Given these variables, the Jacobian of the function that computes the length of the target box edges can be obtained as shown in Equation 17. The partial derivatives in ∇f are calculated using the chain rule over the set of equations presented in Section 3.

The error propagation model expressed by Equations 15, 16 and 17 allows our system to estimate the uncertainty associated with the measurement of each edge of the box in real time. This information can be used to discard unreliable measurements, which may result if the box is relatively far from the camera, or if one of the box edges approaches a direction almost perpendicular to the cameras image plane.

Special care must be taken when choosing the distance between the laser beams. The uncertainty in the computed dimensions increases as the lasers distance decreases, because the relative error tends to increase as the distance becomes smaller. However, the distance between the laser beams constrains the minimal accepted size for a box, since both laser dots must fall inside the same face. So, for a given application, one should consider a tradeoff between the minimal box size and the accepted uncertainty in the measurements.

8. CONCLUSIONS AND FUTURE WORK

We have presented a completely automatic approach for computing the dimensions of boxes from single perspective projection images in real time. The approach uses information extracted from the silhouette of the target box and removes the projective ambiguity with the use of two parallel laser beams.

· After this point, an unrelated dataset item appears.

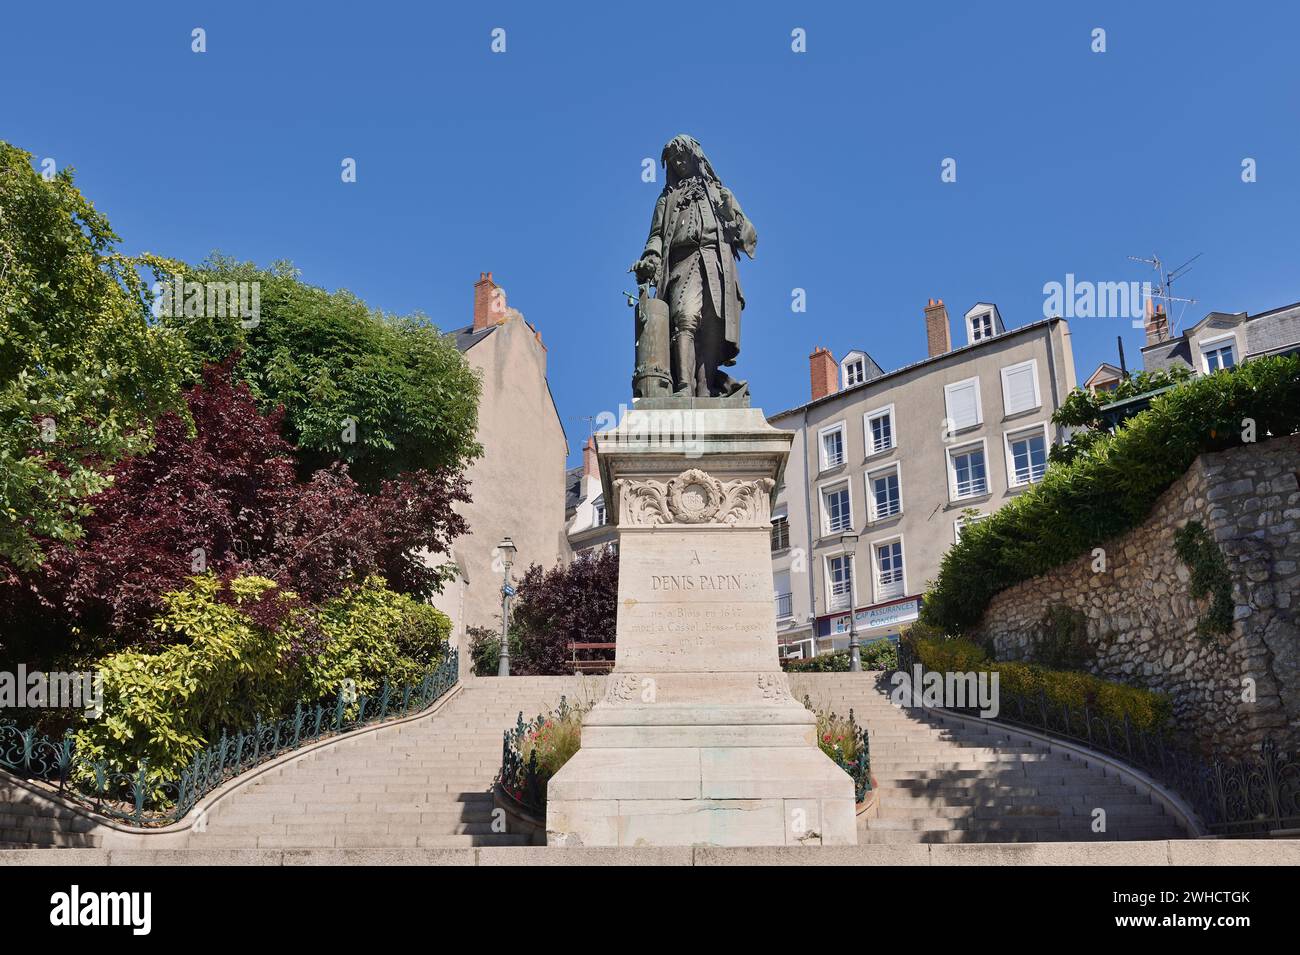 Statue of the physicist, mathematician and inventor Denis Papin, Blois, Loir-et-Cher department, Centre-Val de Loire region, France Stock Photo

We demonstrated the effectiveness of the proposed techniques by building a prototype of a scanner and using it to compute the dimensions of several real boxes even when the edges of the target box are partially occluded by other objects.

We have also introduced an algorithm for extracting box silhouettes in the presence of partially occluded edges, an efficient voting scheme for grouping approximately collinear segments using a Hough transform, and a statistical model for background removal that works with a moving camera and under different lighting conditions. We validated the proposed approach performing a statistical analysis over measurements obtained with our scanner prototype from real boxes. In addition, we presented an analytical derivation of uncertainty propagated along the entire computation chain that allows real-time estimation of the error in the computed measurements. The statistics and experimental validation have shown that the proposed approach is accurate and precise.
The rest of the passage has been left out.